Data extract:
▬▬▬▬▬▬
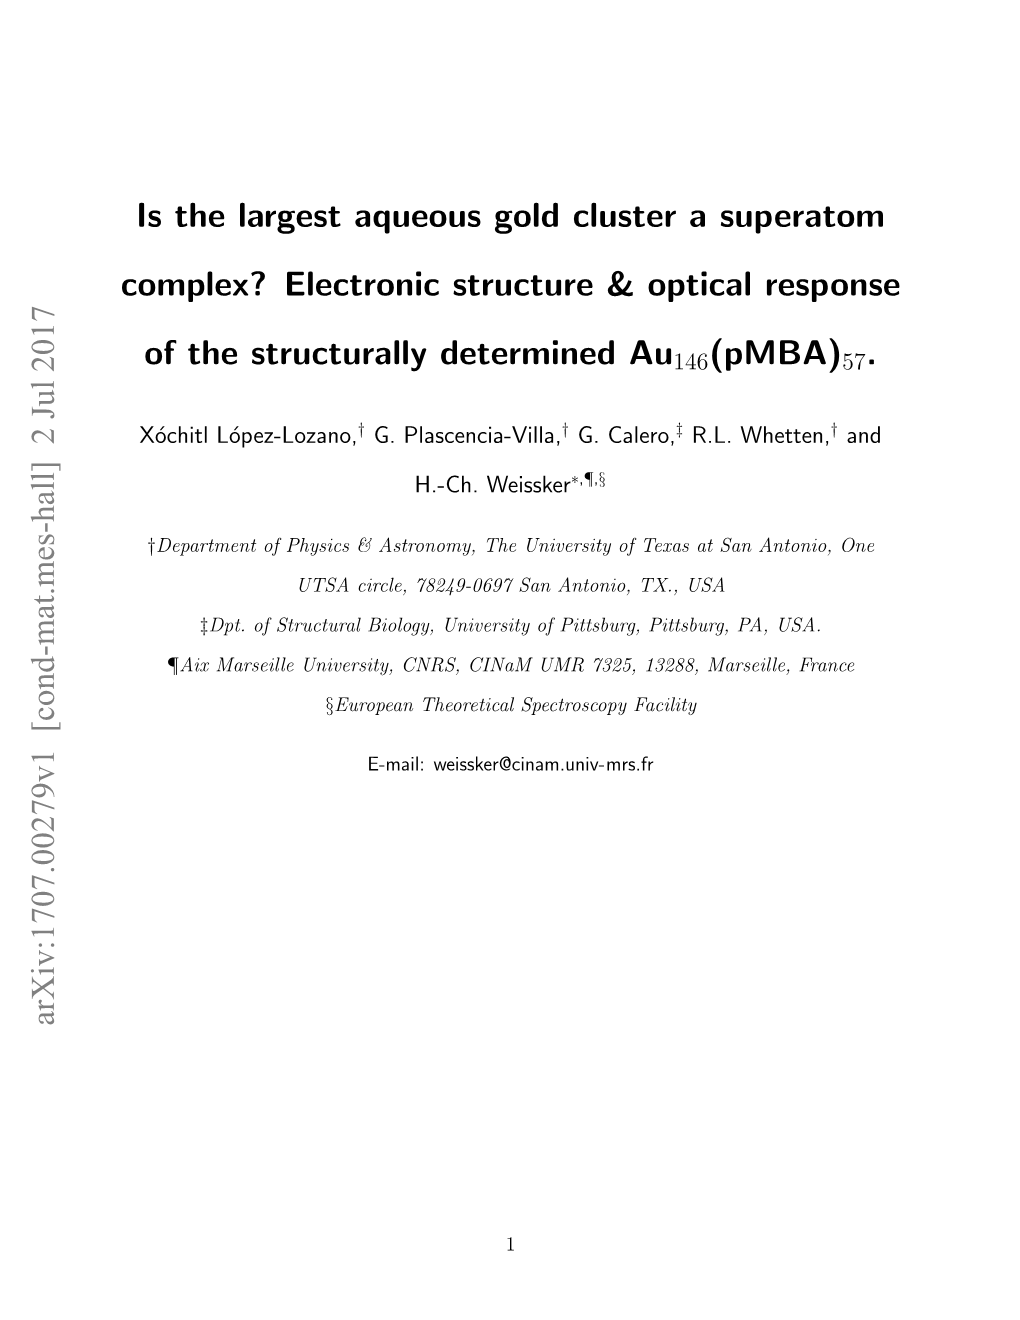 Is the Largest Aqueous Gold Cluster a Superatom Complex? Electronic Structure & Optical Response
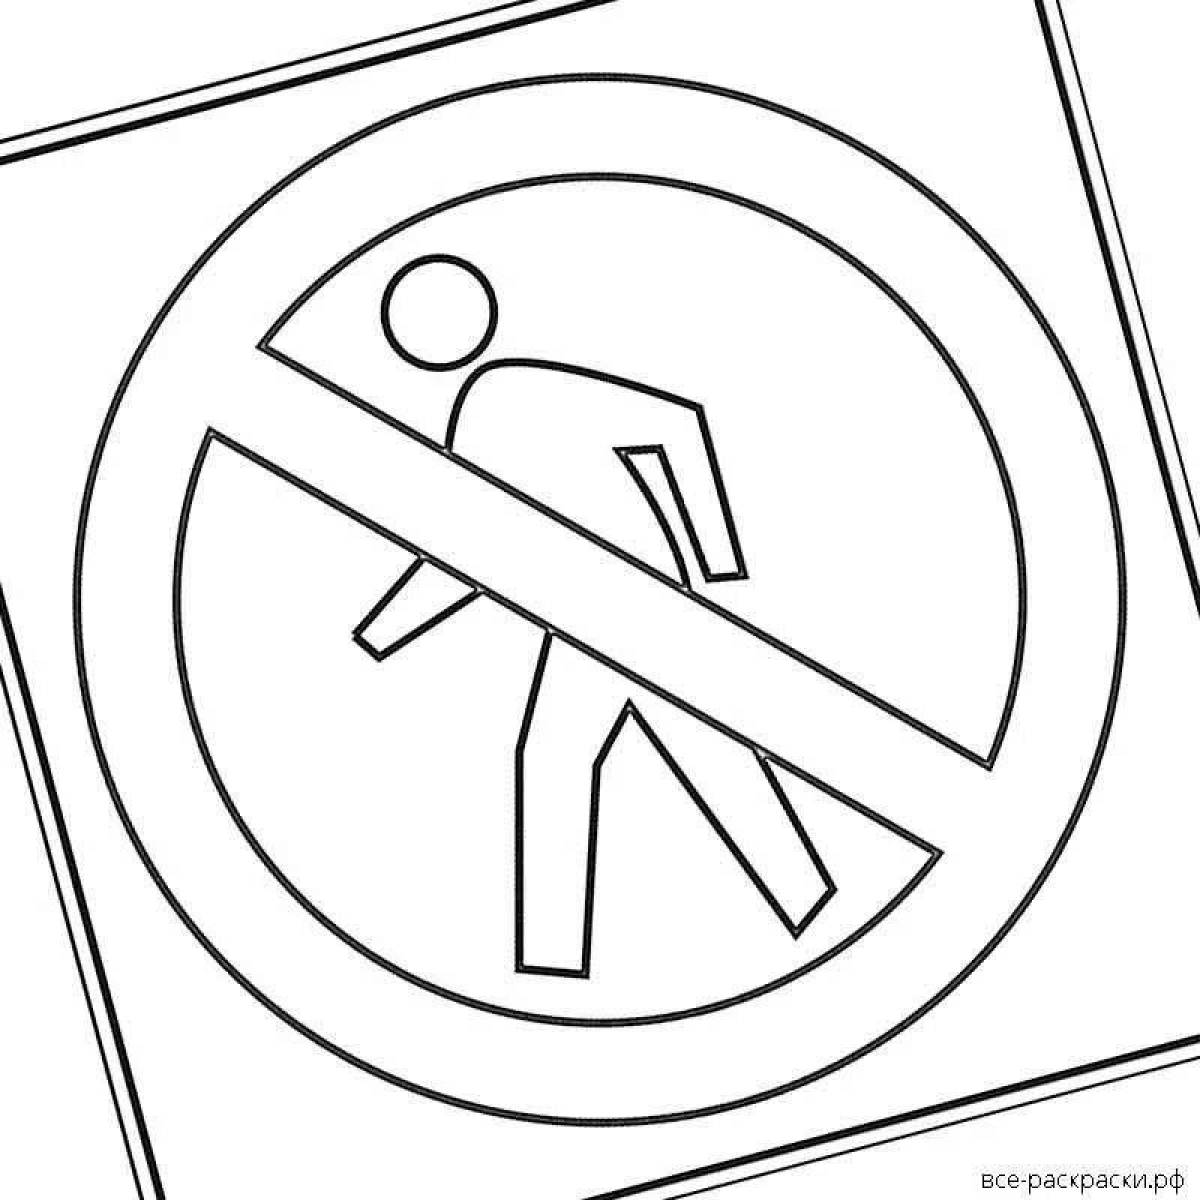 Bright No Pedestrian Traffic Sign Coloring Page
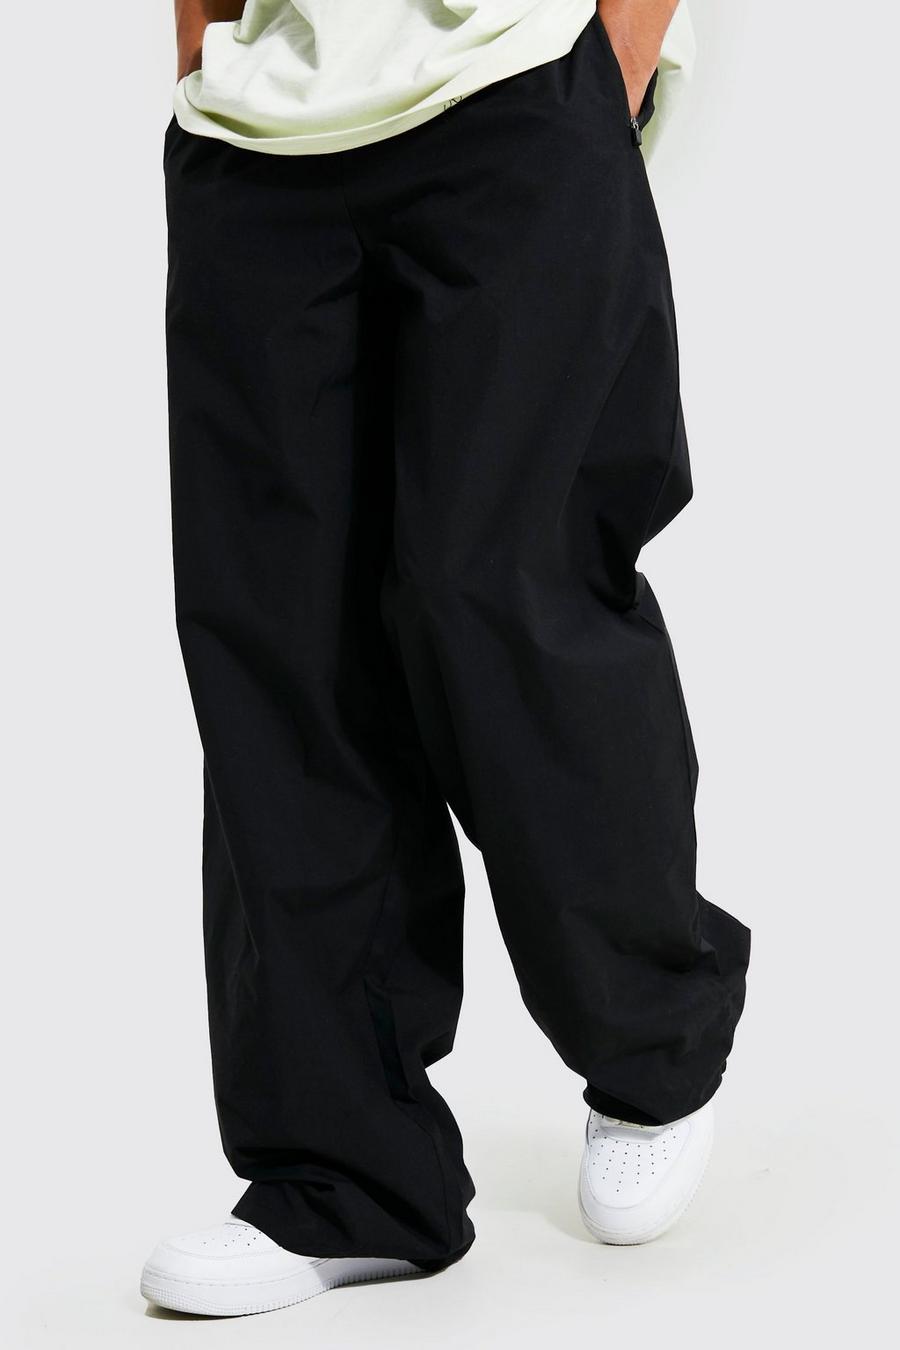 Black noir Tall Extreme Wide Trousers
▬▬▬▬▬▬
Exercise objective: Nothing but the lines from the one containing "Bright No Pedestrian" through the last line of the material may appear in the answer, transcribed exactly and with no pictures.

Expected output:
 Bright No Pedestrian Traffic Sign Coloring Page
 Black noir Tall Extreme Wide Trousers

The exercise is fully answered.